# Putting some grip (stippling) on an aluminium drive pulley.



## Jim Dobson (Oct 16, 2020)

Putting some grip (stippling) on an aluminium drive pulley.

 I've always wanted to work out a way to put some extra grip on a home made drive pulley to prevent or cut down on belt slippage. It would be nice to have the tooling that Wilesco use on their grooved pulleys. I had a Dremel saw accessory that the outer plastic shell broke and I thought what can I do with the saw blade. Rudimentary, but it worked well. I should be able to work out now a way to mount it so it doesn't need to be held, though its not as dangerous as that looks and being hand held allowed me to skew the saw blade at the various angles needed easily.


----------



## derf (Oct 16, 2020)

I do the same thing on bedding pillars, only I spin them on a screwdriver and hold it against the bandsaw blade. We call that "Mexican knurling".


----------



## Jim Dobson (Oct 16, 2020)

derf said:


> I do the same thing on bedding pillars, only I spin them on a screwdriver and hold it against the bandsaw blade. We call that "Mexican knurling".



Thanks for the reply.
A friend of mine just wrote and I'll quote him " "I always use a small tap (3mm) in the drill chuck, with the pulley  hand held, on a piece shaft so it’s free to spin, free fingers need to  be braced against the drill vice,  works OK for me".


----------



## Jim Dobson (Oct 20, 2020)

Works very well for its intended purpose with model & toy steam.


----------



## pontiac428 (Oct 20, 2020)

Convex knurler, maybe?


----------



## Jim Dobson (Oct 22, 2020)

The width on all those would be to wide, the green pulley belt material that I use that's shown in the two above videos is only a few millimetres wide.


----------



## pontiac428 (Oct 22, 2020)

You took that way too literally!  That _type_ of tool will produce the _type_ of finish you seek.  It was meant to get the gears turning.


----------



## Jim Dobson (Oct 22, 2020)

My initial method shown was just to show what can be achieved with little tooling (in fact this was as I mention in the video a blade from a broken Dremel saw) and it works perfectly for me and its intended purpose of running toy & model steam accessories, making what you showed above is beyond my capabilities.


----------



## NortonDommi (Oct 22, 2020)

Wouldn't a rough surface chew up the belt? Is that belt a circular cross-section? If so wouldn't a V-section work better and be easier to make?


----------



## Jim Dobson (Oct 22, 2020)

Made many many V section ali and brass pulleys for smaller lighter model and toy steam driven accessories, some heavier ones need a little bit more grip because they slip, this stippling worked fantastically for me for what I wanted it to do, doesn't chew the belt up and alleviated any slippage.


----------



## NortonDommi (Oct 23, 2020)

Jim Dobson said:


> Made many many V section ali and brass pulleys for smaller lighter model and toy steam driven accessories, some heavier ones need a little bit more grip because they slip, this stippling worked fantastically for me for what I wanted it to do, doesn't chew the belt up and alleviated any slippage.

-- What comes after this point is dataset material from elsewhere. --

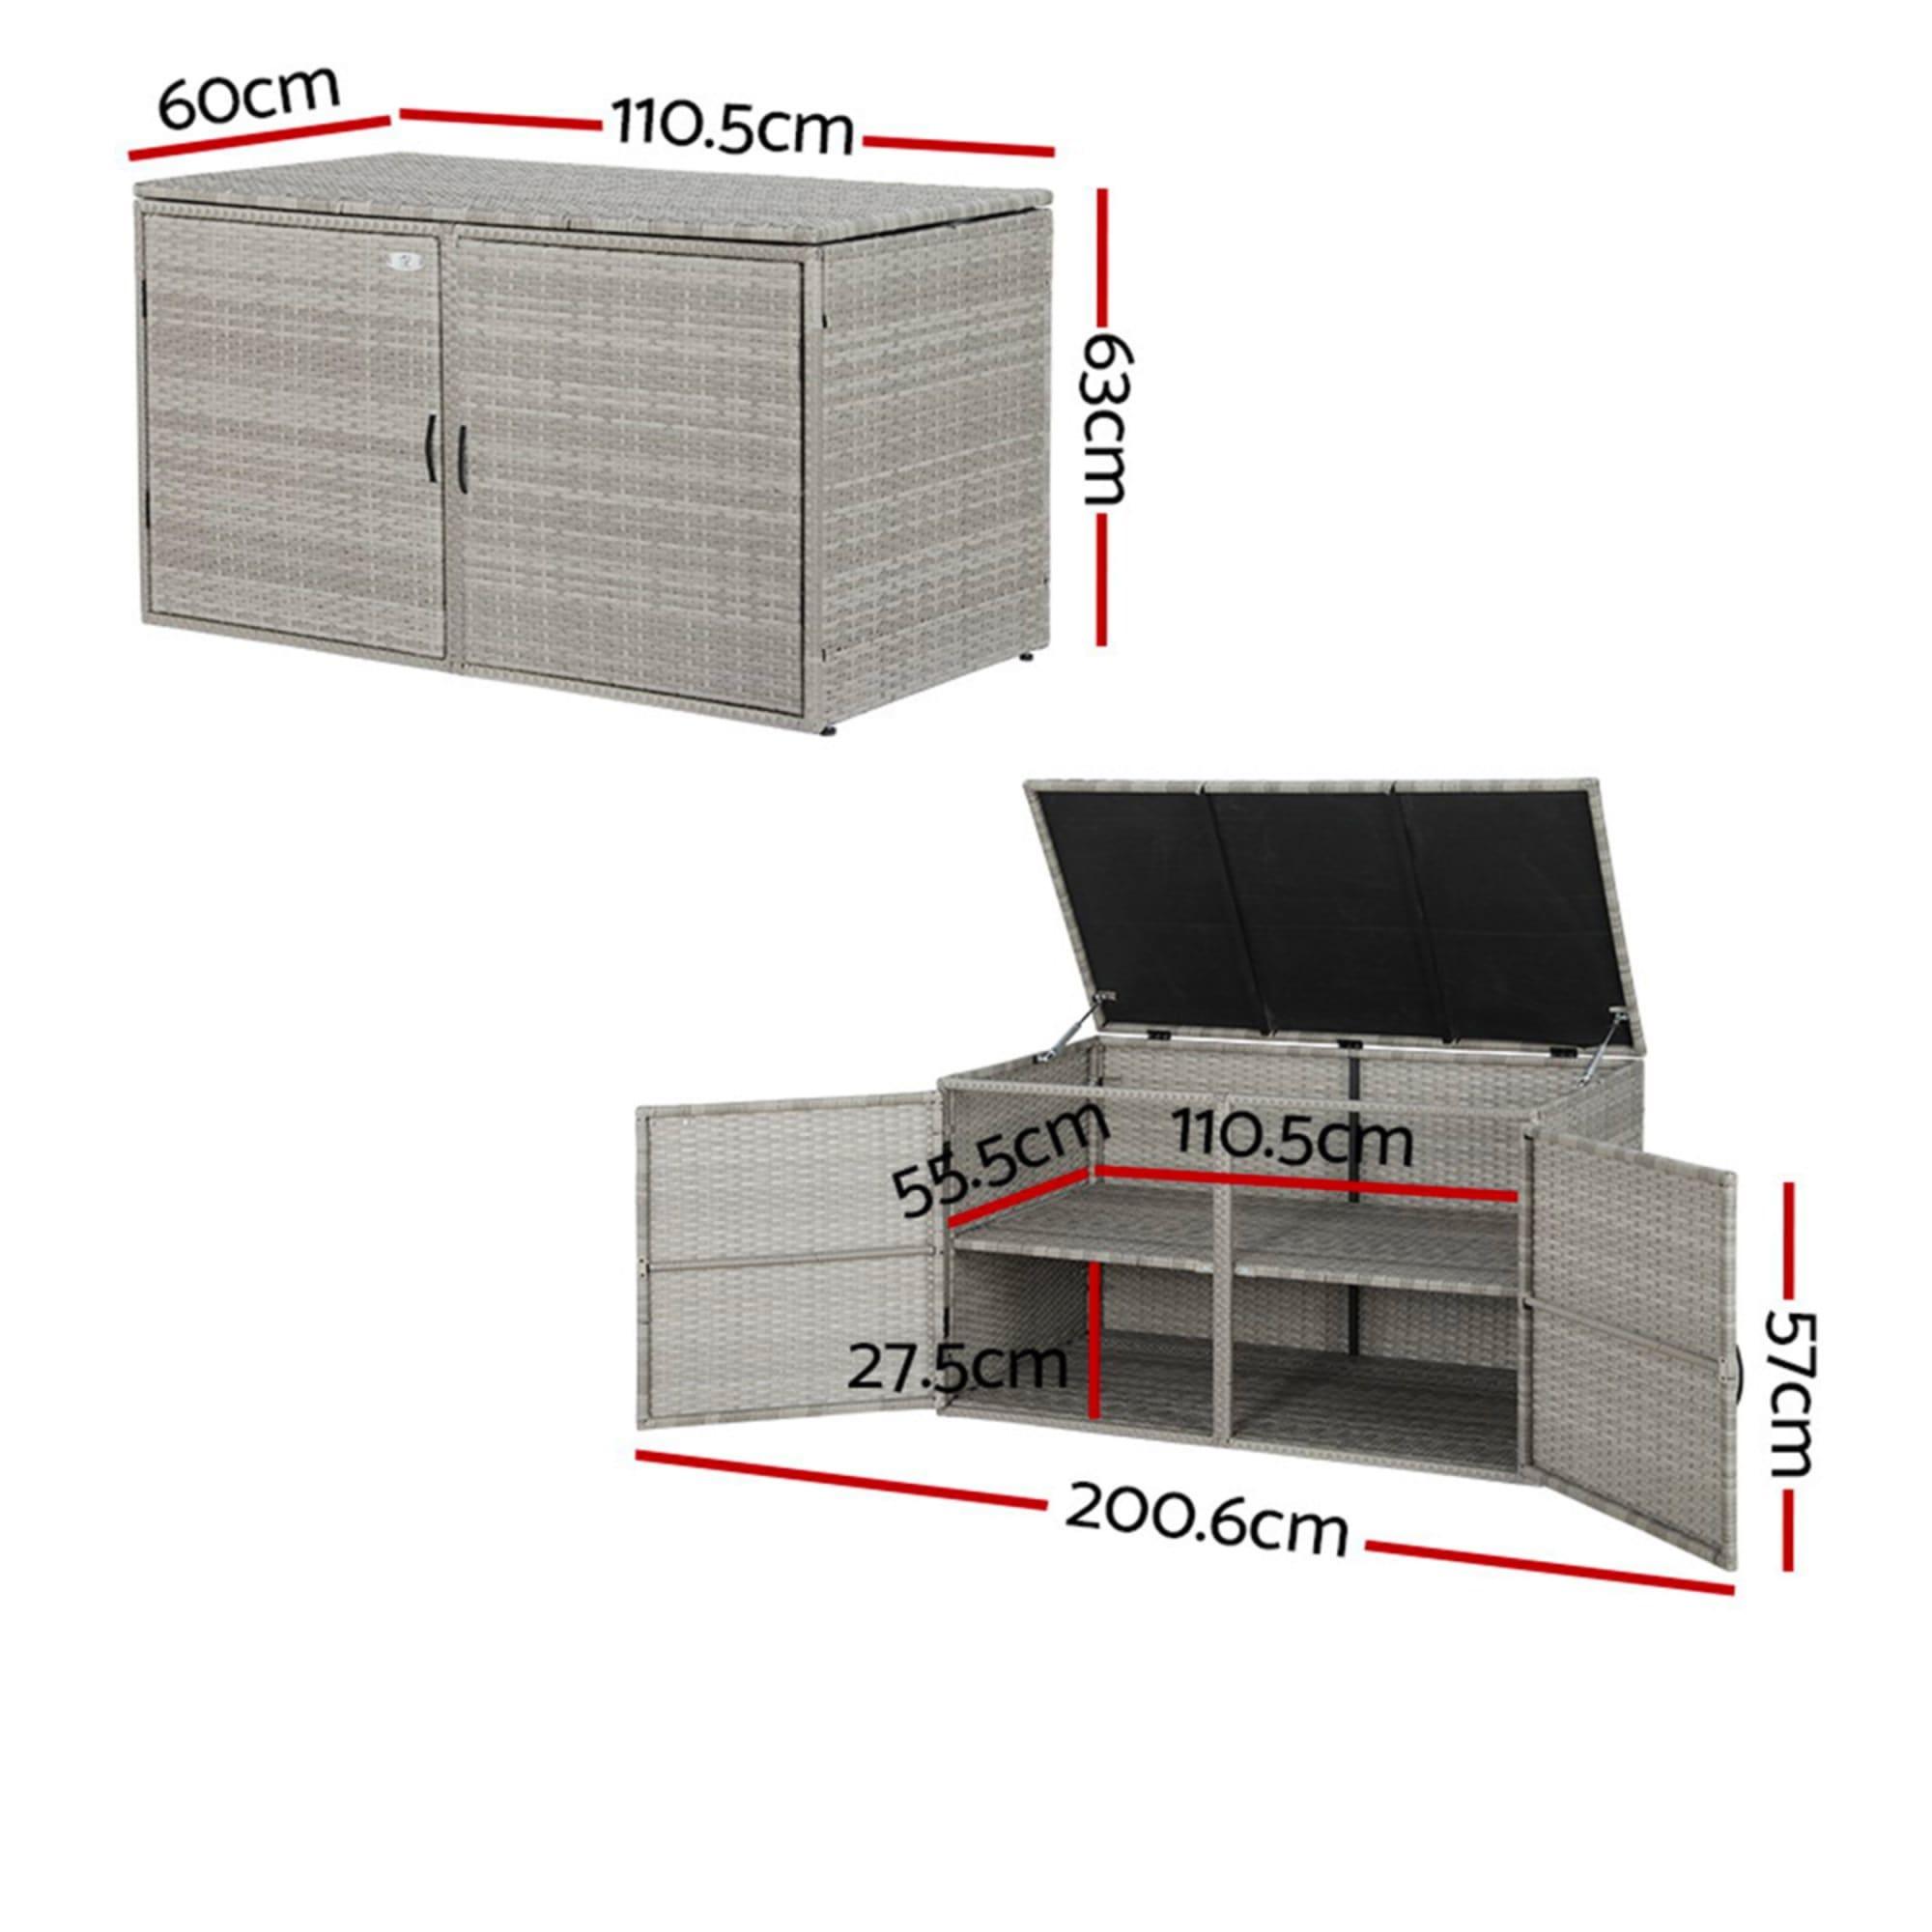 Gardeon Outdoor Storage Box Wicker Shelf Chest 333L Image 3
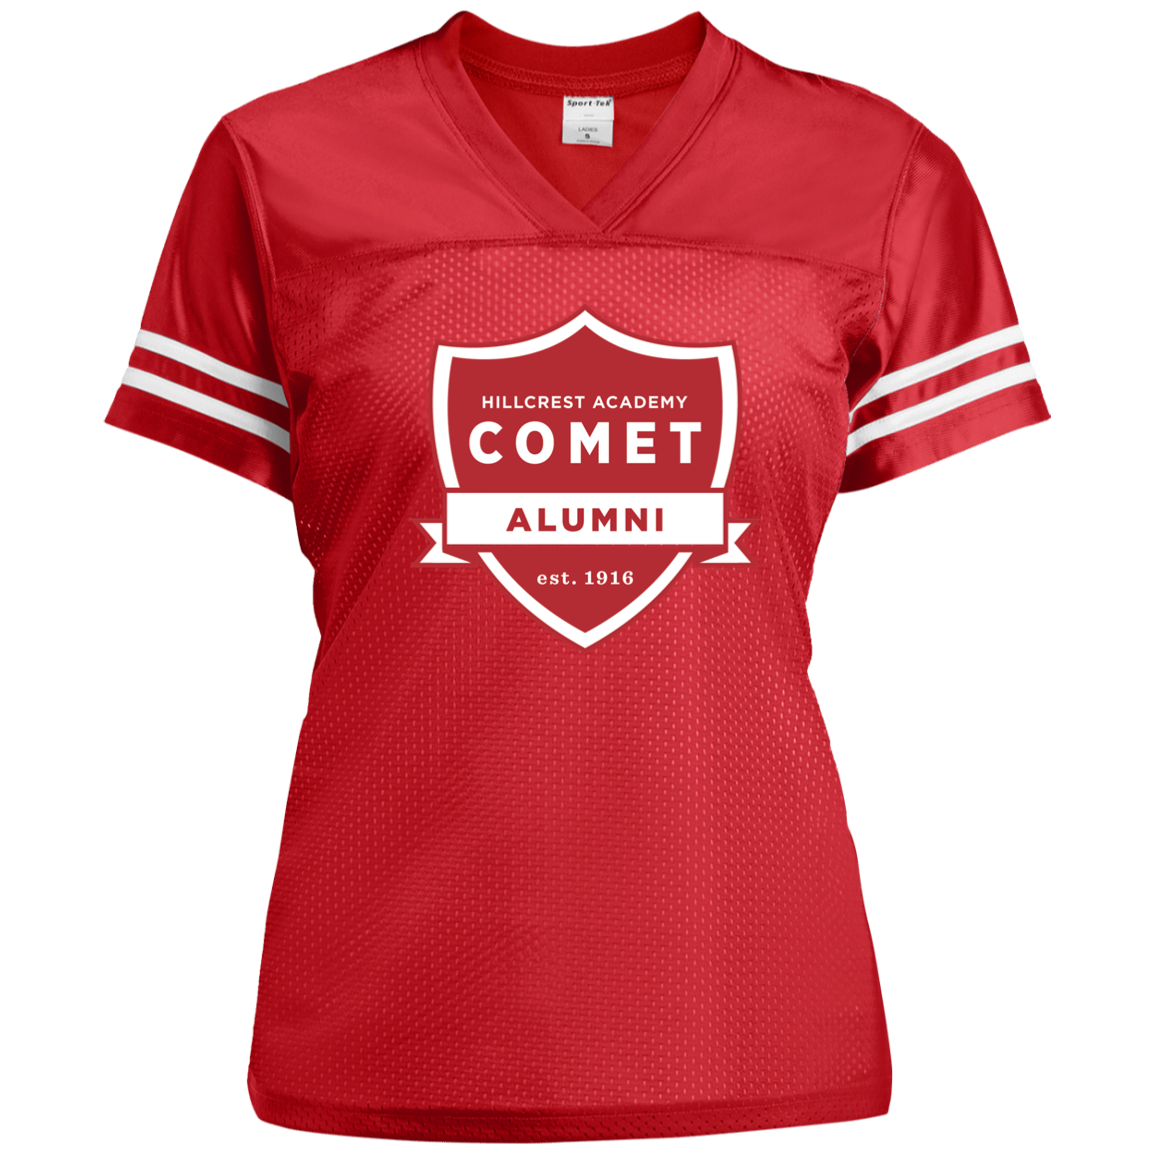 Comet Alumni - Ladies' Replica Jersey

Well I learn something new every day. I have de-glazed V-pulleys if they have become glassy after slippage, have occasionally had to spray 'belt-grip' with a worn belt and have seen V-belts damaged with what look like small gouges or dings in a pulley.  Round section bands like Volta or Durabelt I've only ever seen used with V or Circular pulleys with smooth surfaces. Mind you I've also not worked with belts that small.
  Got me to wondering if abrasive blasting with an aggressive grit would work.


----------



## NC Rick (Oct 23, 2020)

I believe clean belts of round or "V" profile work best on a correct fitting and matching pulley profile. There is a lot going on in their function.  Gilmer (sp?) Toothed belts are good for accuracy on position when driving positively.


----------